Beyond Fest
- Location: Los Angeles, California, USA
- Language: International
- Website: beyondfest.com

= Beyond Fest =

Annual film festival in Los Angeles

Beyond Fest is the largest genre film festival in the United States, held annually in Los Angeles, California. Established in partnership with the American Cinematheque, Beyond Fest focuses on showcasing horror, science fiction, fantasy, and other genre films. The festival features a diverse range of programming, including new releases, rare retrospectives, and special events.

== History ==

Beyond Fest was established to cater to the genre film community in Los Angeles. Since its inception, it has expanded in both size and prestige, becoming a major event for genre film fans. The festival functions as a non-profit organization, with its proceeds benefiting the American Cinematheque, a 501(c)(3) non-profit film institution committed to celebrating the cinematic arts.

== Festival programming ==

The festival's schedule features a blend of world and U.S. premieres, along with special screenings that frequently include appearances and Q&A sessions with directors, actors, and other industry experts. Beyond Fest is renowned for its diverse selection, showcasing both modern and classic genre films.

Head of programming is Evrim Ersoy.

== Notable screenings ==

2023: The 11th edition of Beyond Fest showcased 57 films over 15 days. Highlights included The Abyss: Special Edition with director James Cameron in attendance, The Creator by Gareth Edwards, and Manhunter with director Michael Mann present.
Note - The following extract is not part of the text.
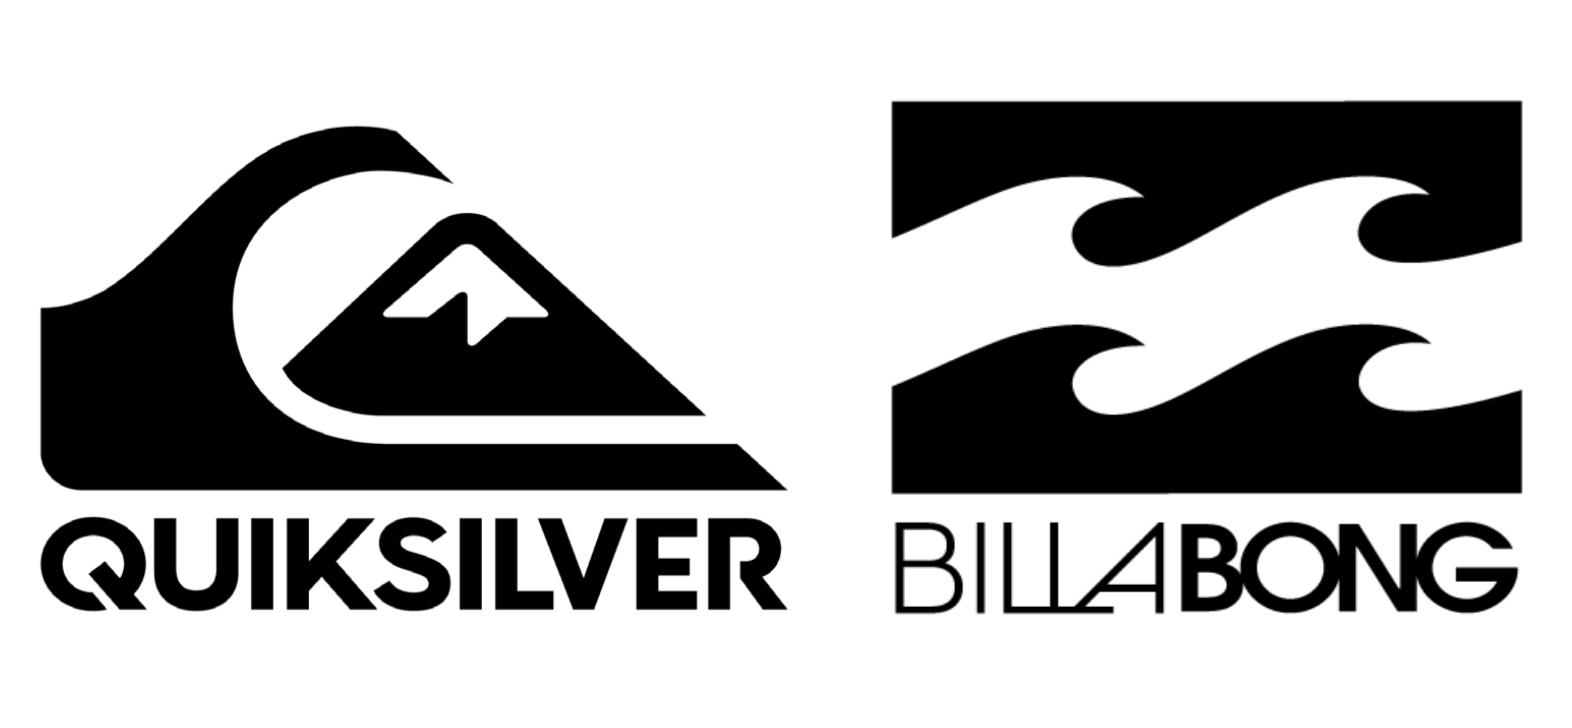 Boardriders (Quiksilver...) rachète Billabong - SportBuzzBusiness.fr 29fd3085155

2023: The festival honored producer Roger Corman with a presentation of four films, followed by a discussion with several directors who started their careers working for the renowned genre icon.

2024: Beyond Fest showcased 82 films between September 25 and October 9, including Anora, The Brutalist, and Terrifier 3. On October 8, Speed was screened at the Egyptian Theater for its 30th anniversary, followed by a reunion Q&A from director Jan De Bont, and stars Keanu Reeves and Sandra Bullock.